• _Work item_: The lines to reproduce from the material below are those from the one containing "A critical and" through the one containing "Denmark, 1951, Danish", both included; write them out exactly and add nothing.

• _Records shown_:
+-------+

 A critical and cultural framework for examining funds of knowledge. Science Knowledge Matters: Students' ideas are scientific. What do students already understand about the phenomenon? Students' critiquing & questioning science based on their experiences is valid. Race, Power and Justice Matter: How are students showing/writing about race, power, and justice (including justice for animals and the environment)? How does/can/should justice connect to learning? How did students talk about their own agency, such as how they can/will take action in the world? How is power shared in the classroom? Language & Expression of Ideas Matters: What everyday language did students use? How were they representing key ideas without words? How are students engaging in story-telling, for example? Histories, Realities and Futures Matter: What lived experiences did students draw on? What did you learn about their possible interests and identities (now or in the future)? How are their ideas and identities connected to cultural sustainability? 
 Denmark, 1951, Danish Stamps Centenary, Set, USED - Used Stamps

+-------+

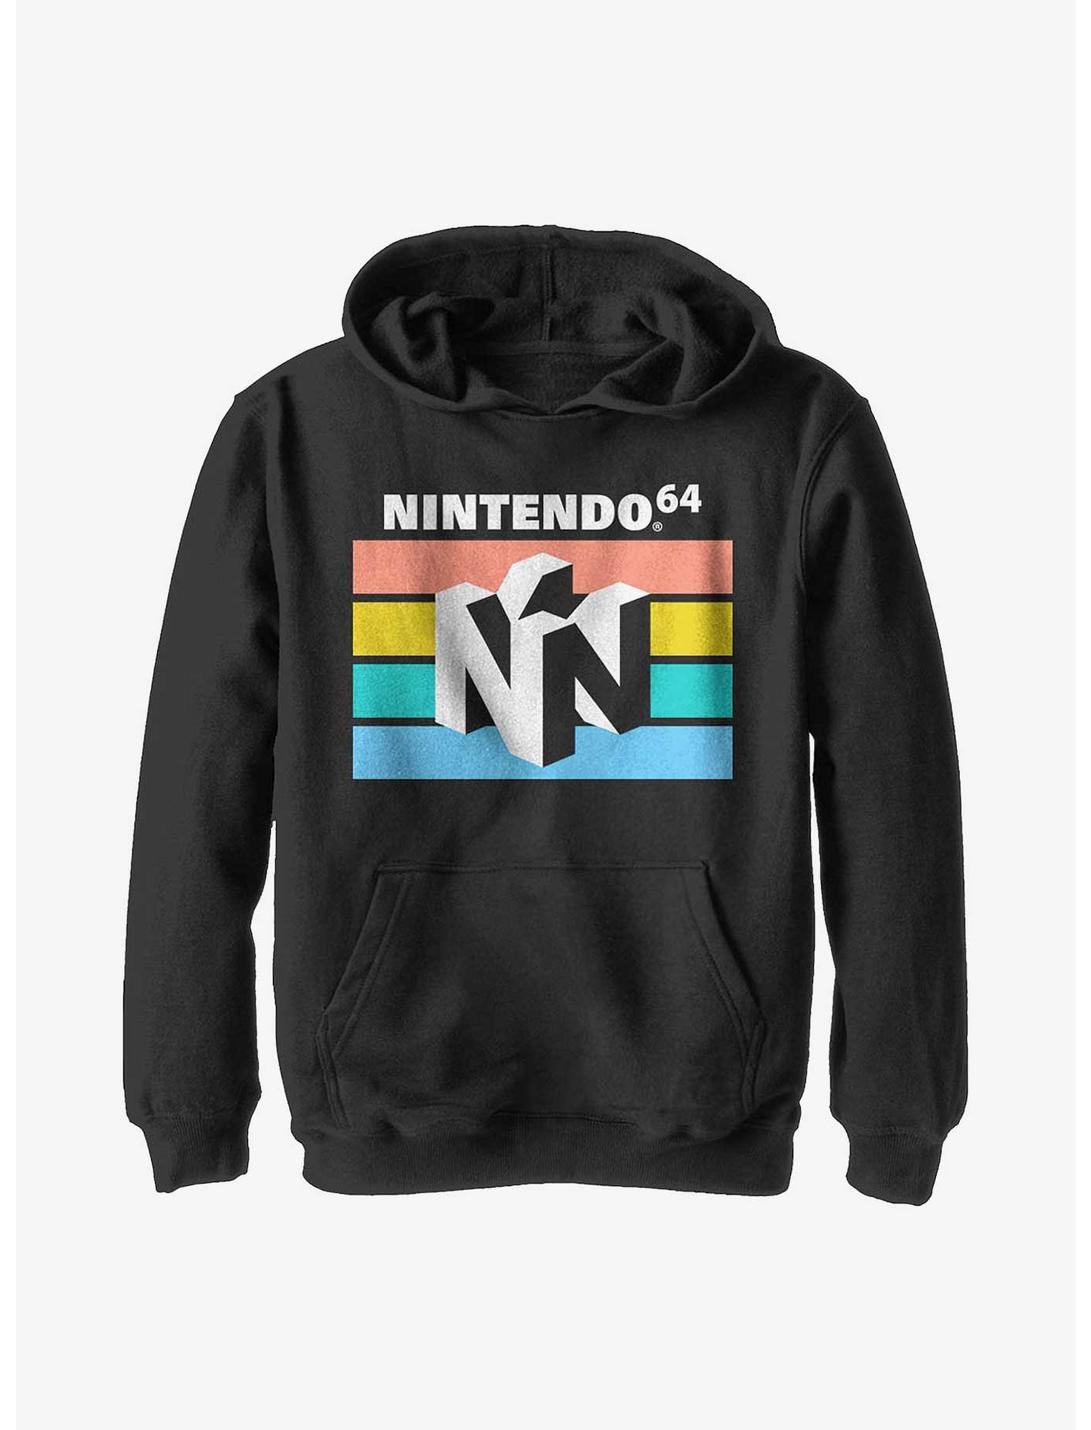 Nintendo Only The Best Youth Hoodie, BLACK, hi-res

+-------+

• _Result_:
 A critical and cultural framework for examining funds of knowledge. Science Knowledge Matters: Students' ideas are scientific. What do students already understand about the phenomenon? Students' critiquing & questioning science based on their experiences is valid. Race, Power and Justice Matter: How are students showing/writing about race, power, and justice (including justice for animals and the environment)? How does/can/should justice connect to learning? How did students talk about their own agency, such as how they can/will take action in the world? How is power shared in the classroom? Language & Expression of Ideas Matters: What everyday language did students use? How were they representing key ideas without words? How are students engaging in story-telling, for example? Histories, Realities and Futures Matter: What lived experiences did students draw on? What did you learn about their possible interests and identities (now or in the future)? How are their ideas and identities connected to cultural sustainability? 
 Denmark, 1951, Danish Stamps Centenary, Set, USED - Used Stamps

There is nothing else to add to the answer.